TASK DIRECTIONS -
Everything in the listing should be transcribed exactly, apart from the pictures.

RECORDED INFORMATION -
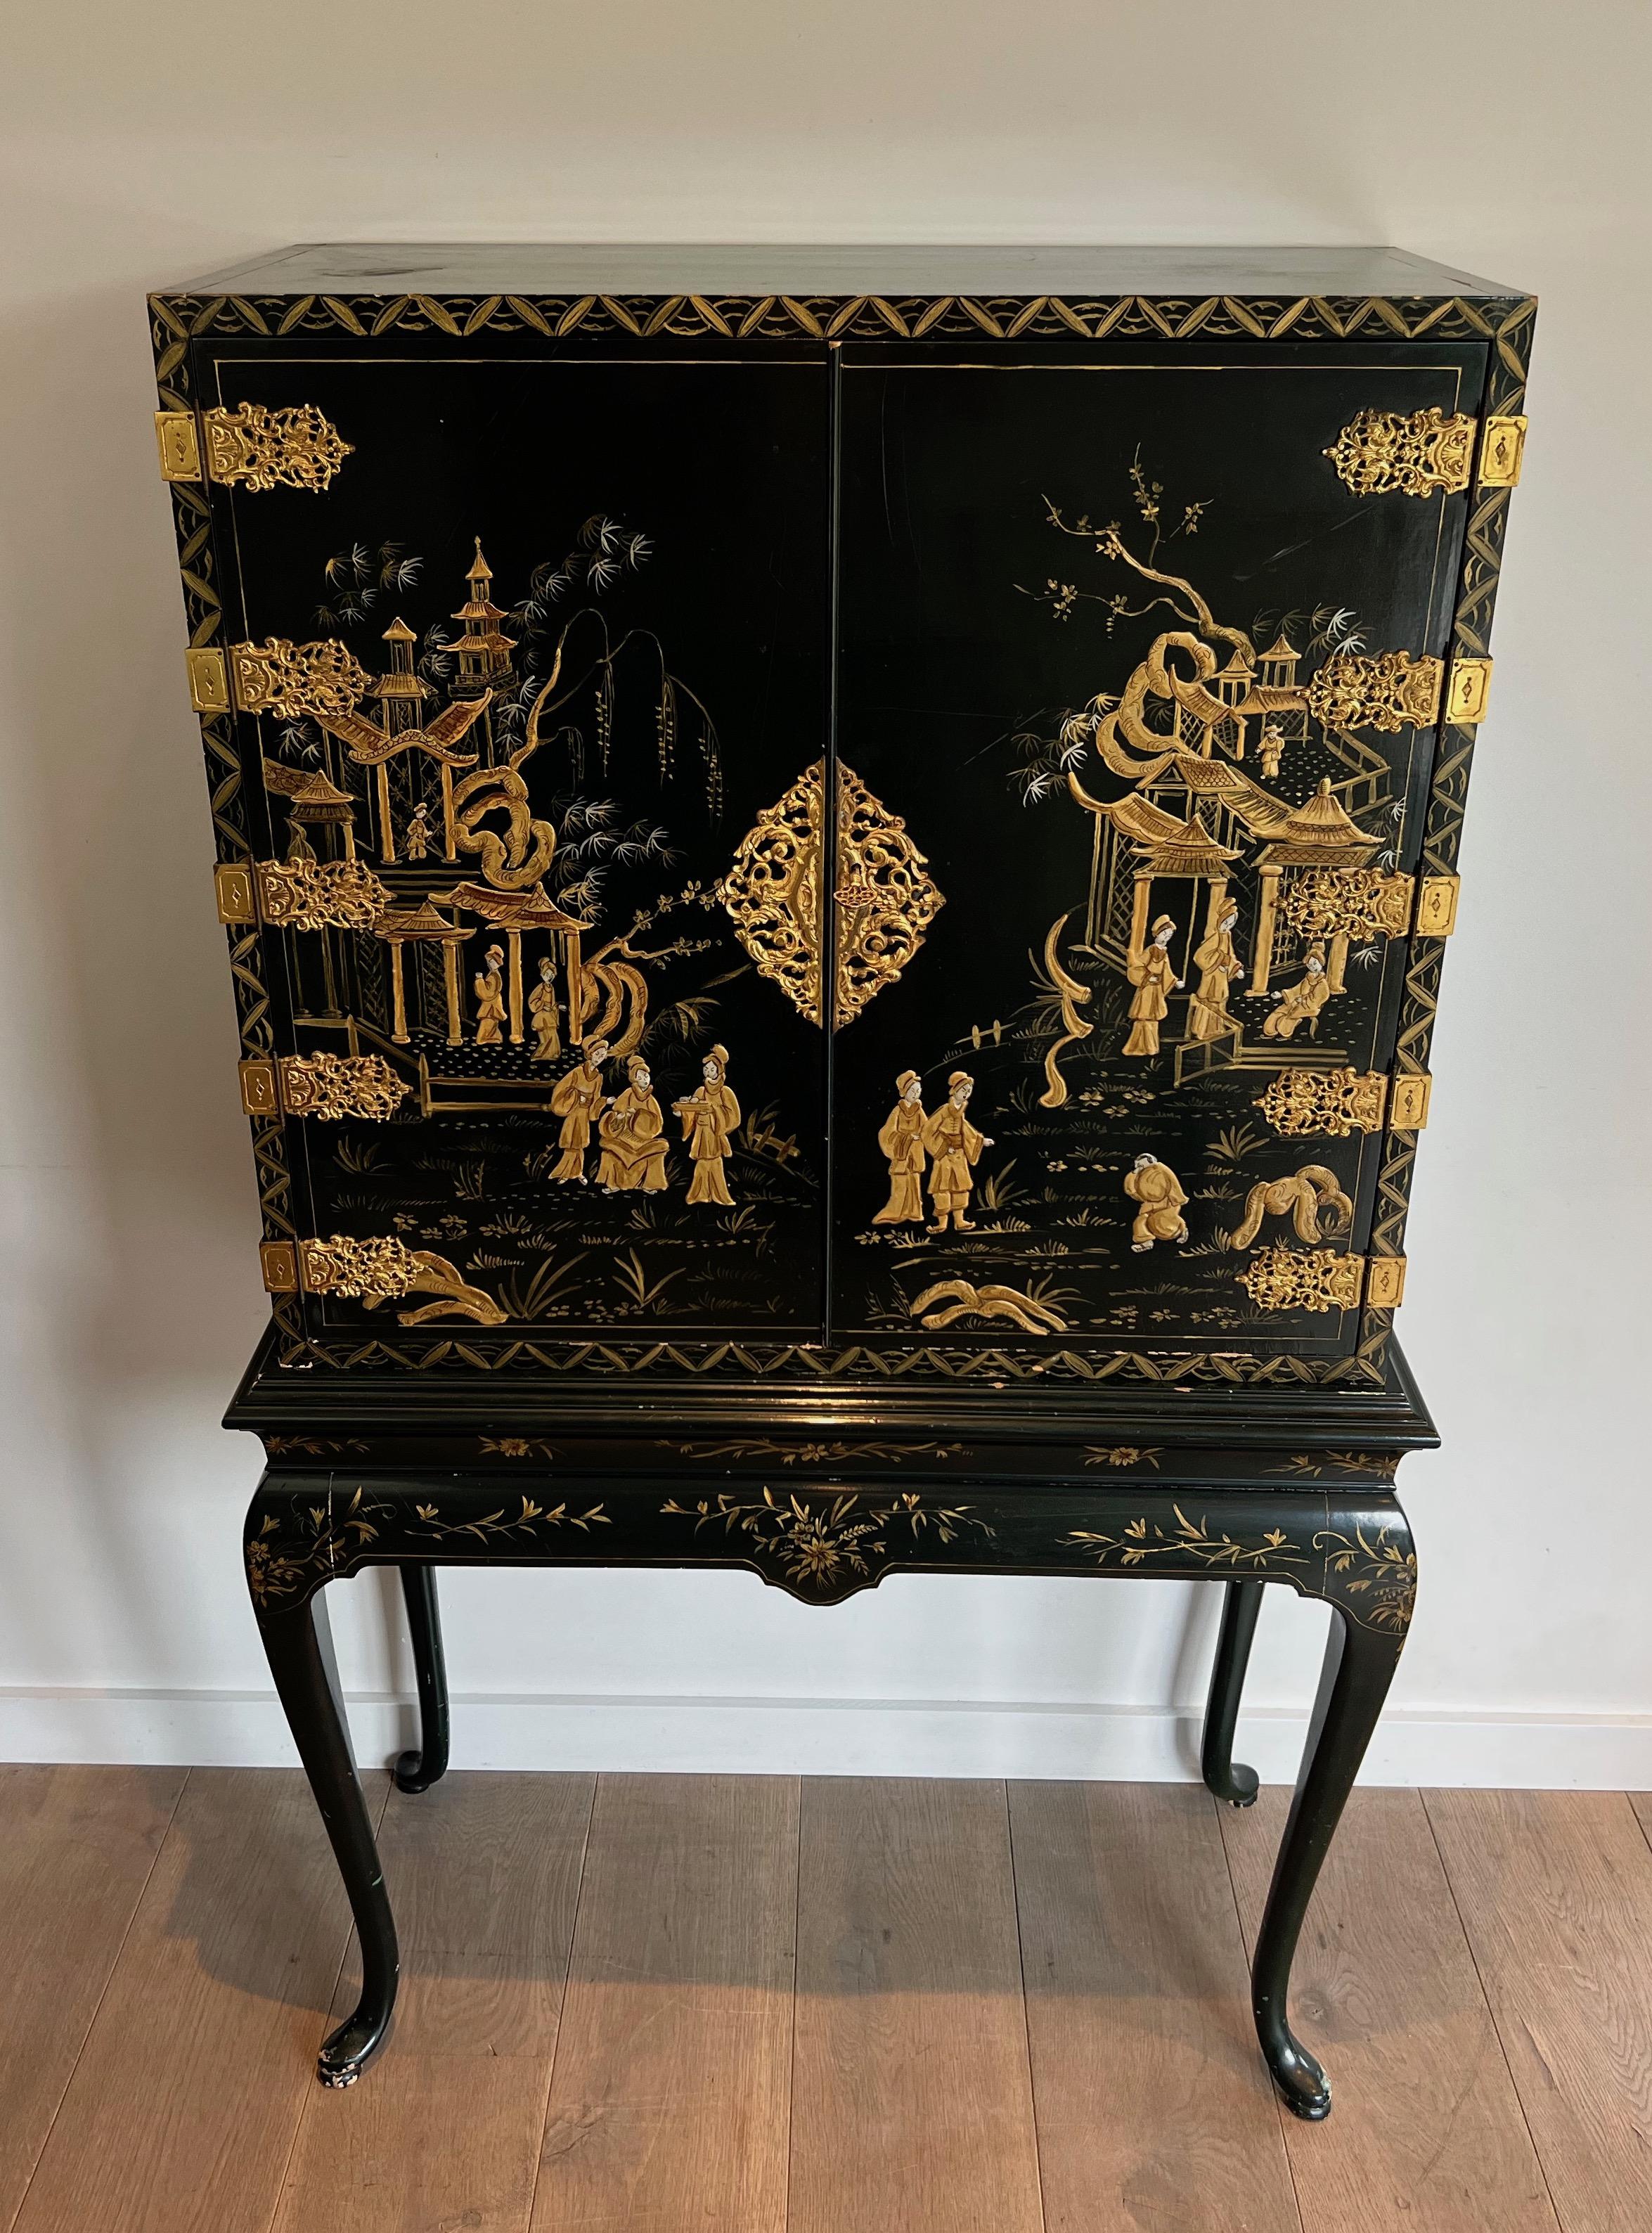 Ce meuble est en bois laqué vert avec des scènes de vie chinoises et de bronze doré. La partie intérieure est constituée de miroirs églomisés. Il s'agit d'une œuvre française, vers 1940.
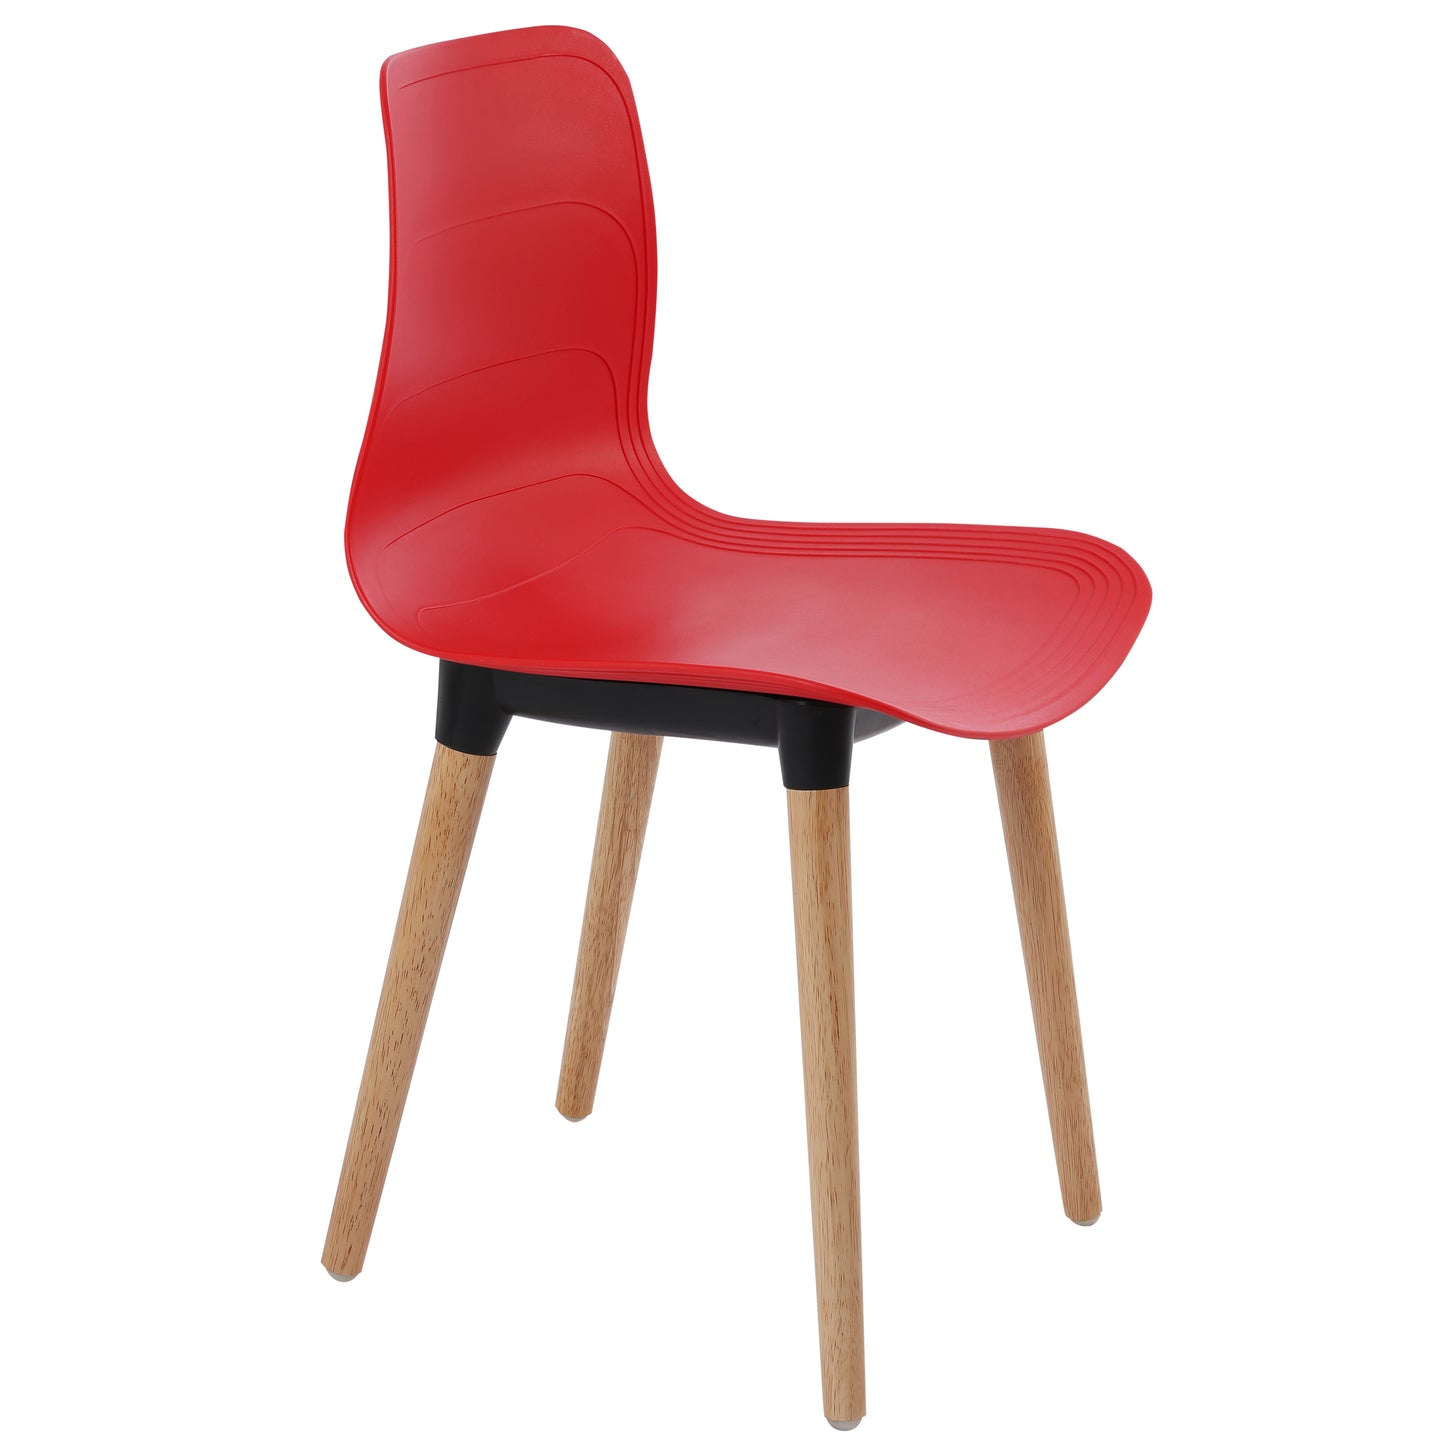 Ghế nhựa chân gỗ - HIFUWA - Hàng xuất khẩu - Màu đỏ
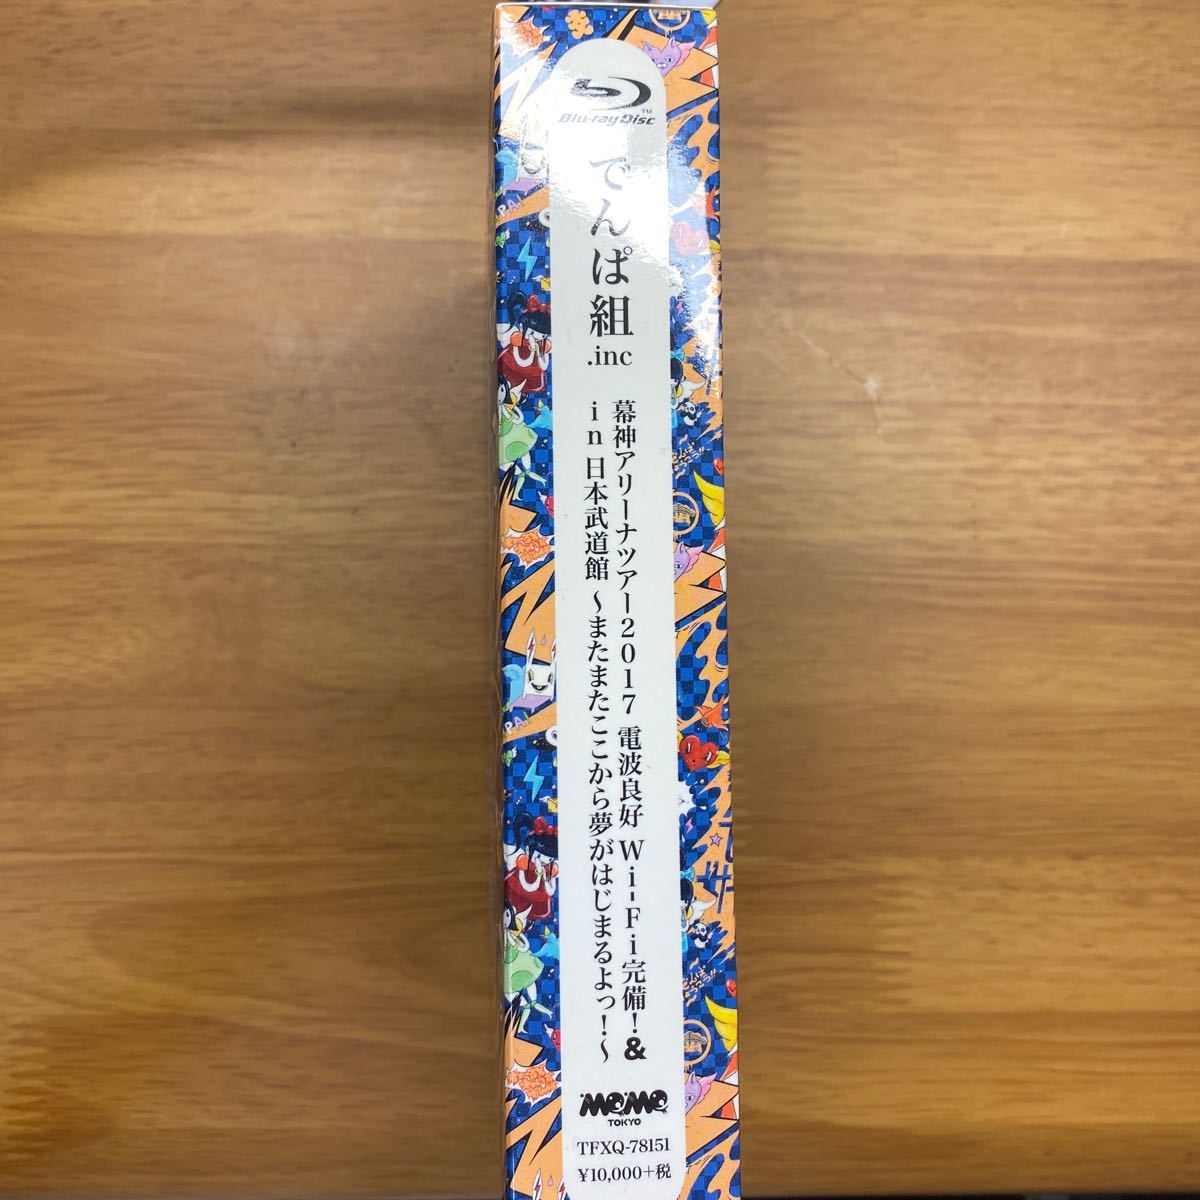 幕神アリーナツアー2017in 日本武道館 ~またまたここから夢がはじまるよっ! ~ (Blu-ray) (初回限定盤)

EXERCISE ANSWER -
 Ce meuble est en bois laqué vert avec des scènes de vie chinoises et de bronze doré. La partie intérieure est constituée de miroirs églomisés. Il s'agit d'une œuvre française, vers 1940.
 Ghế nhựa chân gỗ - HIFUWA - Hàng xuất khẩu - Màu đỏ
 幕神アリーナツアー2017in 日本武道館 ~またまたここから夢がはじまるよっ! ~ (Blu-ray) (初回限定盤)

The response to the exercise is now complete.